Problem Statement

You are given an integer sequence A=(A_1,A_2,\ldots,A_N) of length N.

For each integer pair (L,R) with 1 \le L \le R \le N, define f(L,R) as follows:

• Start with an empty blackboard. Write the R-L+1 integers A_L, A_{L+1}, \ldots, A_R on the blackboard in order.
• Repeat the following operation until all integers on the blackboard are erased:
  • Choose integers l, r with l \le r such that every integer from l through r appears at least once on the blackboard.

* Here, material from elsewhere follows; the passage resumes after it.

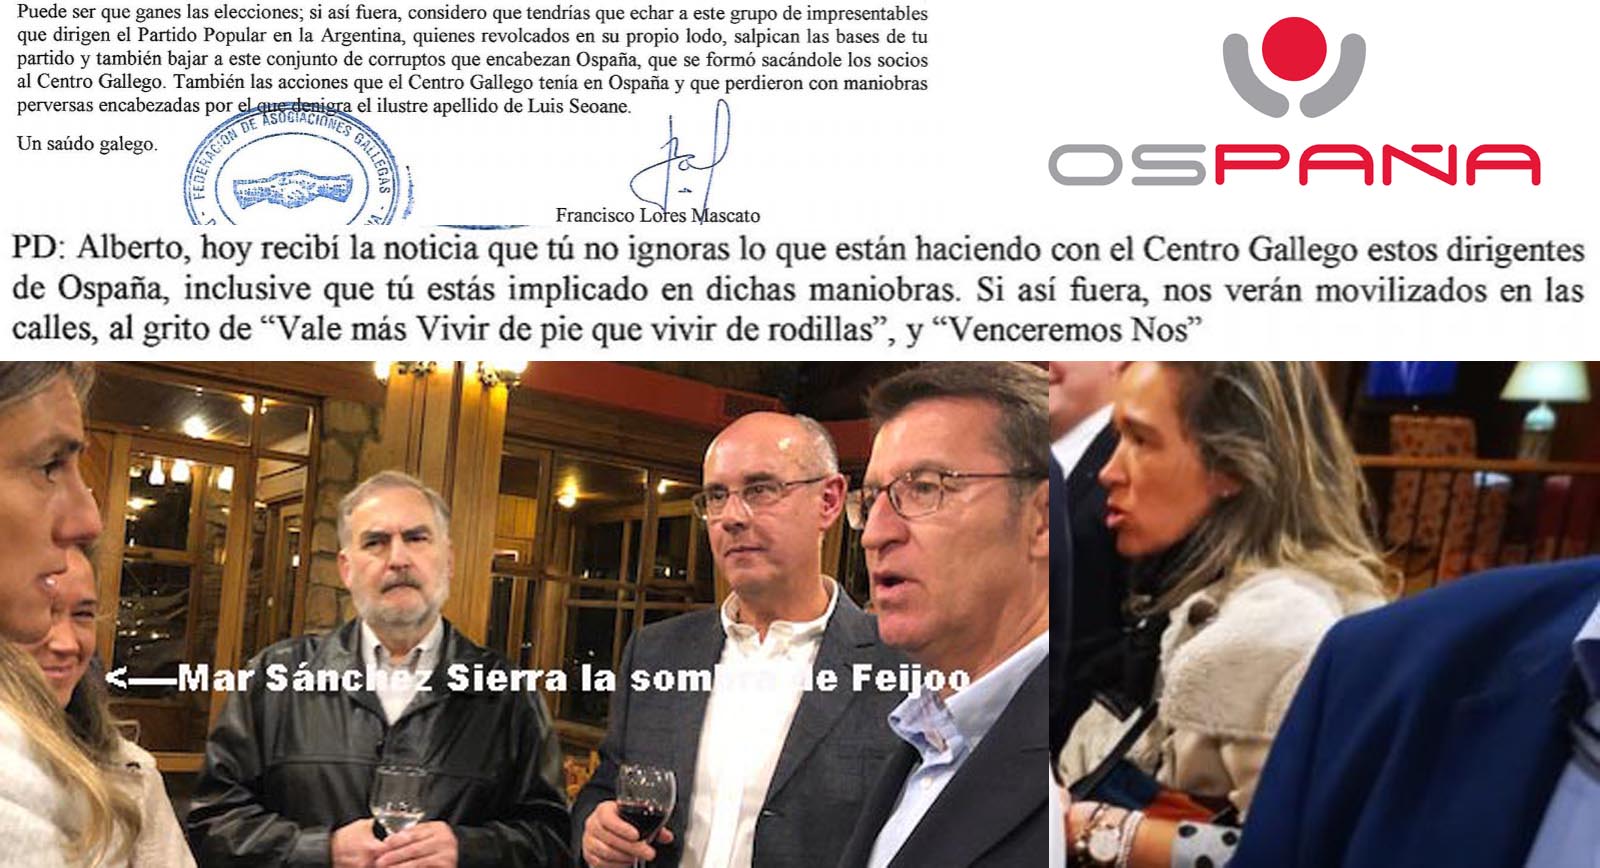 Xornal Galicia - JAKE MATE al "pelotazo urbanístico" orquestado por Feijóo  y Mar Sánchez Sierra con los bienes de la emigración en Uruguay.
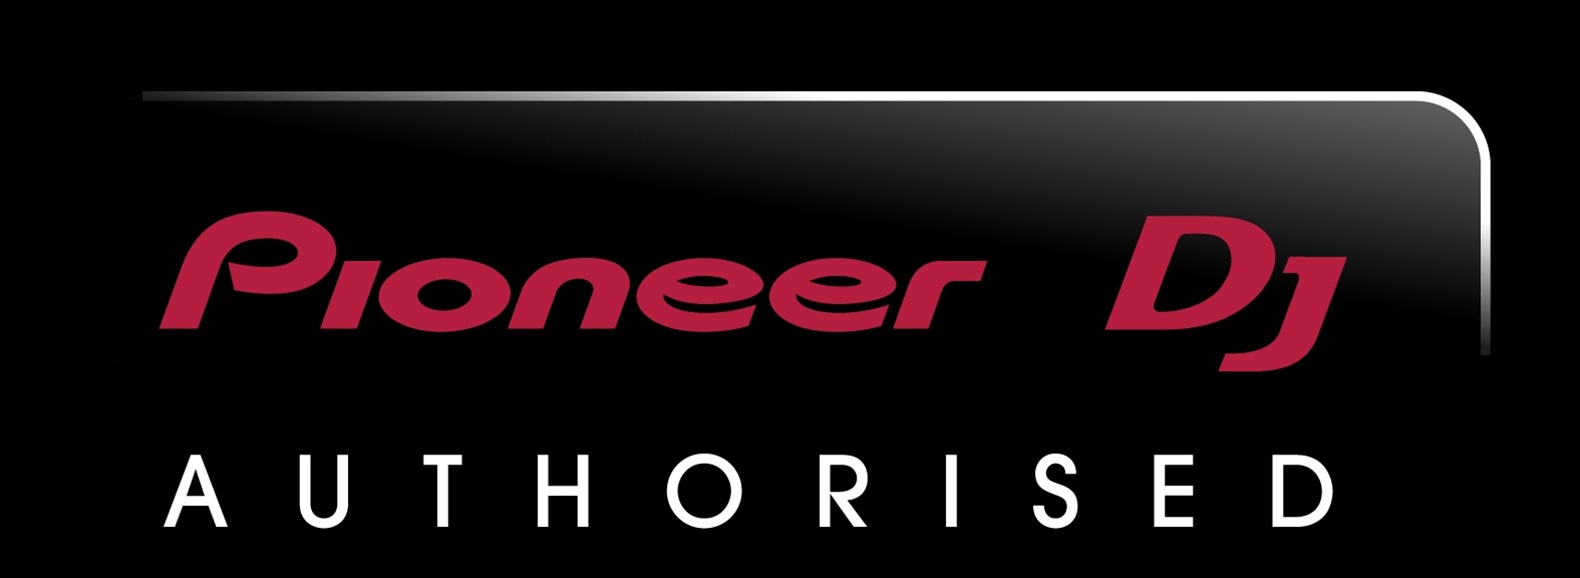 Dj Mixer Pioneer Free Download

Then, erase all integers from l through r that are on the blackboard.
• Let f(L,R) be the minimum number of such operations needed to erase all the integers from the blackboard.

Find \displaystyle \sum_{L=1}^N \sum_{R=L}^N f(L,R).

Constraints

• 1 \le N \le 3 \times 10^5
• 1 \le A_i \le N
• All input values are integers.

Sample Input 1

4
1 3 1 4

Sample Output 1

16

For example, in the case of (L,R)=(1,4):

• The blackboard has 1,3,1,4.
• Choose (l,r)=(1,1) and erase all occurrences of 1. The blackboard now has 3,4.
• Choose (l,r)=(3,4) and erase all occurrences of 3 and 4. The blackboard becomes empty.
• It cannot be done in fewer than two operations, so f(1,4) = 2.

Similarly, you can find f(2,4)=2, f(1,1)=1, etc.

\displaystyle \sum_{L=1}^N \sum_{R=L}^N f(L,R) = 16, so print 16.

Sample Input 2

5
3 1 4 2 4

Sample Output 2

23

Sample Input 3

10
5 1 10 9 2 5 6 9 1 6

Sample Output 3

129